The Supreme Court of Canada has used similar terms:
—the commissioner may have to assess and make findings as to the credibility of witnesses.
and:
—may draw appropriate conclusions as to whether there has been misconduct and who appears to be responsible for it.
The wording of section (k) of the Gomery commission's terms of reference complies with court guidelines, including those of the Supreme Court of Canada. On the one hand, the commissioner must not express any conclusion or recommendation regarding the civil or criminal liability of any person or organization. The courts, moreover, have made it clear that such is not the role of a commission of inquiry. On the other hand, there is nothing to prevent the commissioner from draw appropriate conclusions with respect to possible misconduct and to say who might be responsible for it. This is a very important distinction and one that is crucial to an understanding of the inquiry process.
In fact, in his opening statement, Justice Gomery made it clear that he understood that possibility was open to him:
Nevertheless, although the commission will not, and indeed cannot, express conclusions or recommendations in relation to the potential civil or criminal liability of anyone, it is part of its mandate to assess the evidence and to make findings of fact, such as findings with respect to the credibility of witnesses.
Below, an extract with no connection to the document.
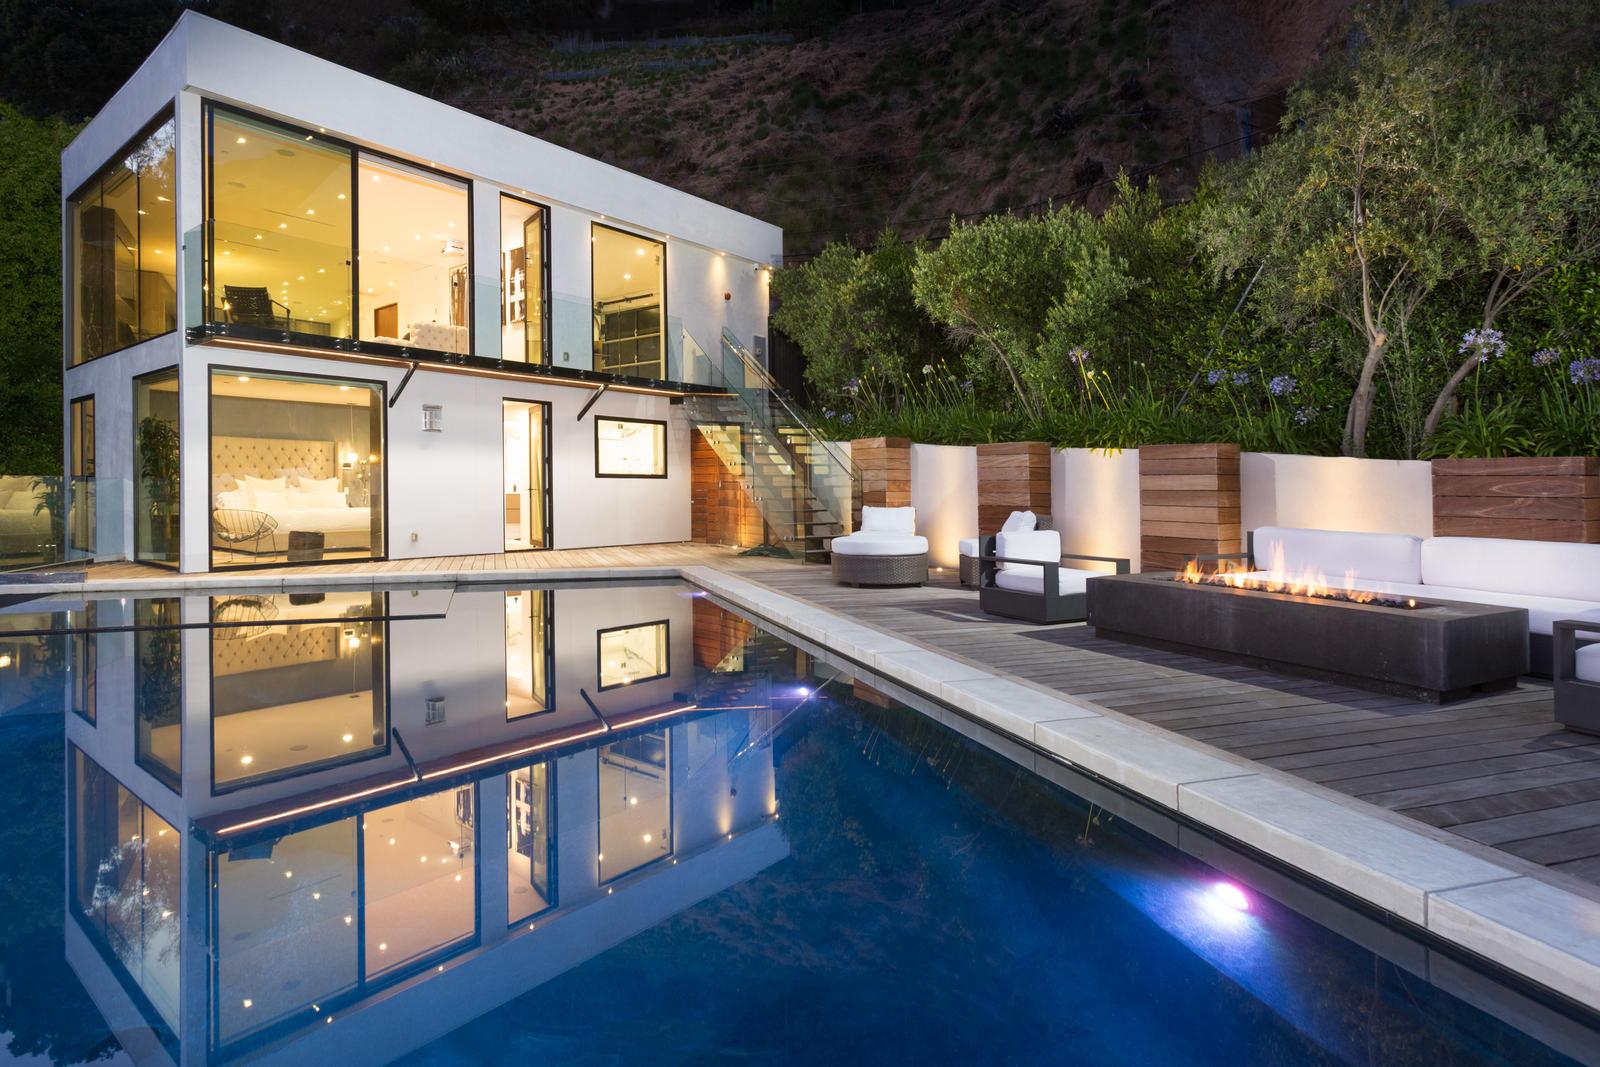 The Hollywood Villa

According to s.13 of the Inquiries Act, which will be discussed in more detail later, I am entitled to draw conclusions as to whether there has been misconduct and who may be responsible for it. Such findings will be the focus of the Inquiry only to the extent that they are necessary to carry out the mandate in the terms of reference.
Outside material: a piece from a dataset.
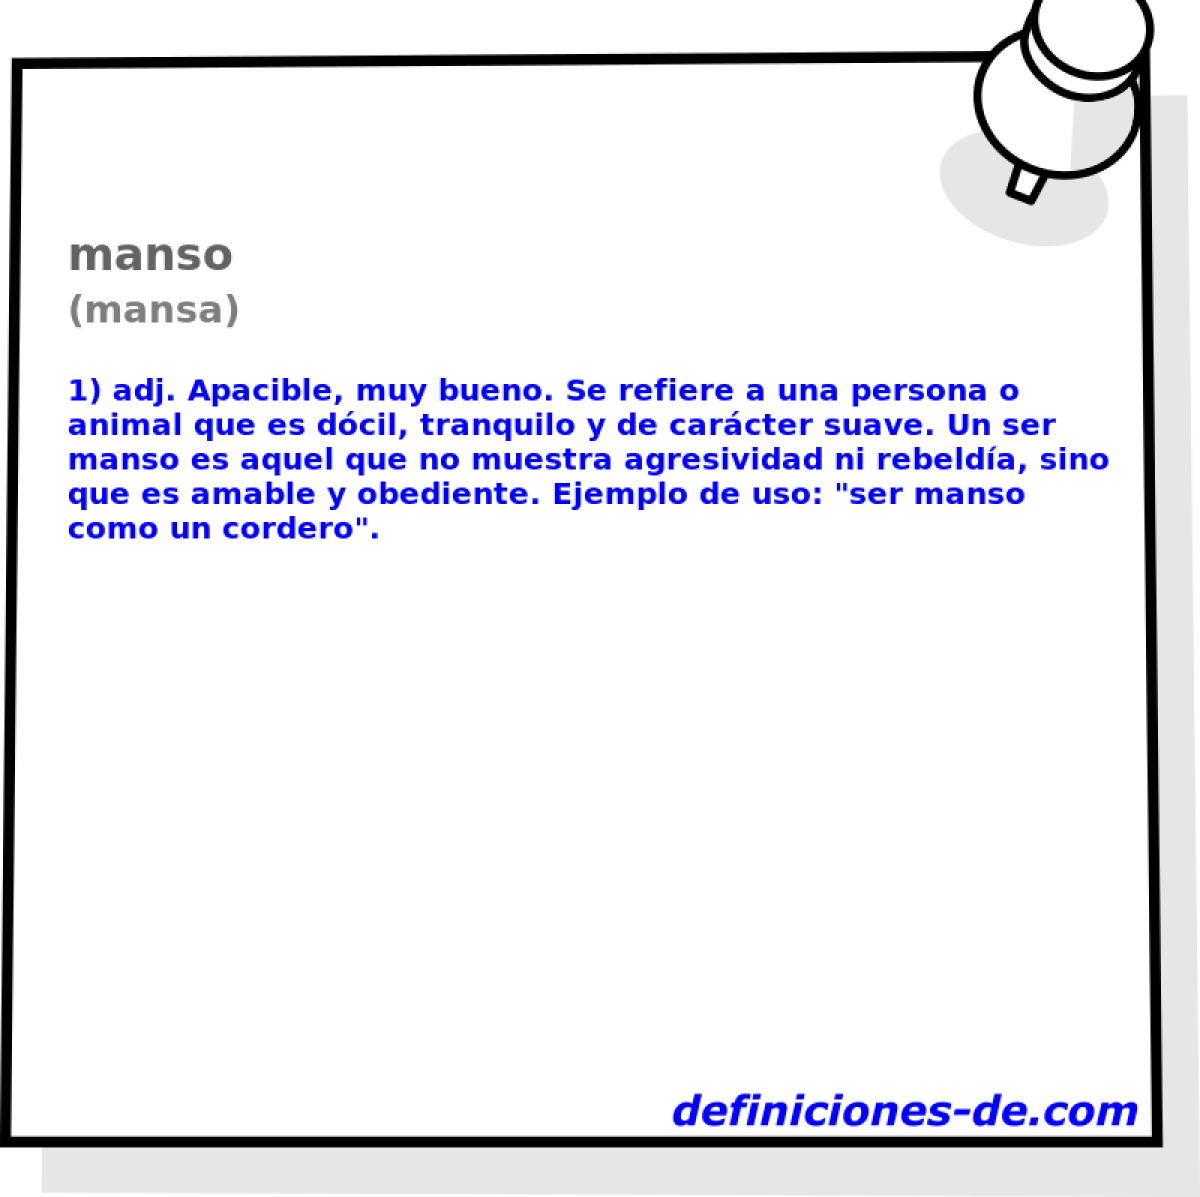 manso (mansa)

I hardly need remind hon. members that the present government is the one that struck the Gomery commission in a desire to get to the bottom of the situation. We are anxious to find out what is in the report, which is slated to be released in December, and we are determined to implement its recommendations.
If the hon. member's motion to allow Justice Gomery to name names and assign responsibility would allow the commission to draw conclusions on civil or criminal responsibility, I cannot support this motion.
If I did, I would be ignoring the distinction between the role of commissions of inquiry and of courts. I would risk jeopardizing any attempt to hold those concerned criminally responsible for their actions. I would be changing the rules and that could be detrimental to procedural fairness and prevent the publication of the commission's report. I would be compromising the commission of inquiry itself and its ability to present its report, thereby creating the possibility that it would be abolished on the pretext that it is violating basic human rights. I would be ignoring the fact the Gomery inquiry already has the authority to express pertinent findings on whether there was wrongdoing and who seems to be responsible.
As Minister of Justice and Attorney General of Canada, I must respect the rule of law. Any support for the motion would be given in total disregard for the decisions made by the highest court of the land, the Supreme Court of Canada.
As I have mentioned, Justice Gomery already has the power to draw conclusions of misconduct against individuals under section 13 of the Inquiries Act. If this is the objective of the proposed amendment, it would be redundant. If, however, as I said, it seeks to assign civil or criminal liability against individuals, such an amendment could jeopardize the inquiry for the reasons already mentioned above. Either way, it is clear that the amendment should be opposed.
I invite all hon. members to vote against this motion since it is inappropriate, unnecessary, unfounded, redundant and detrimental to the commission.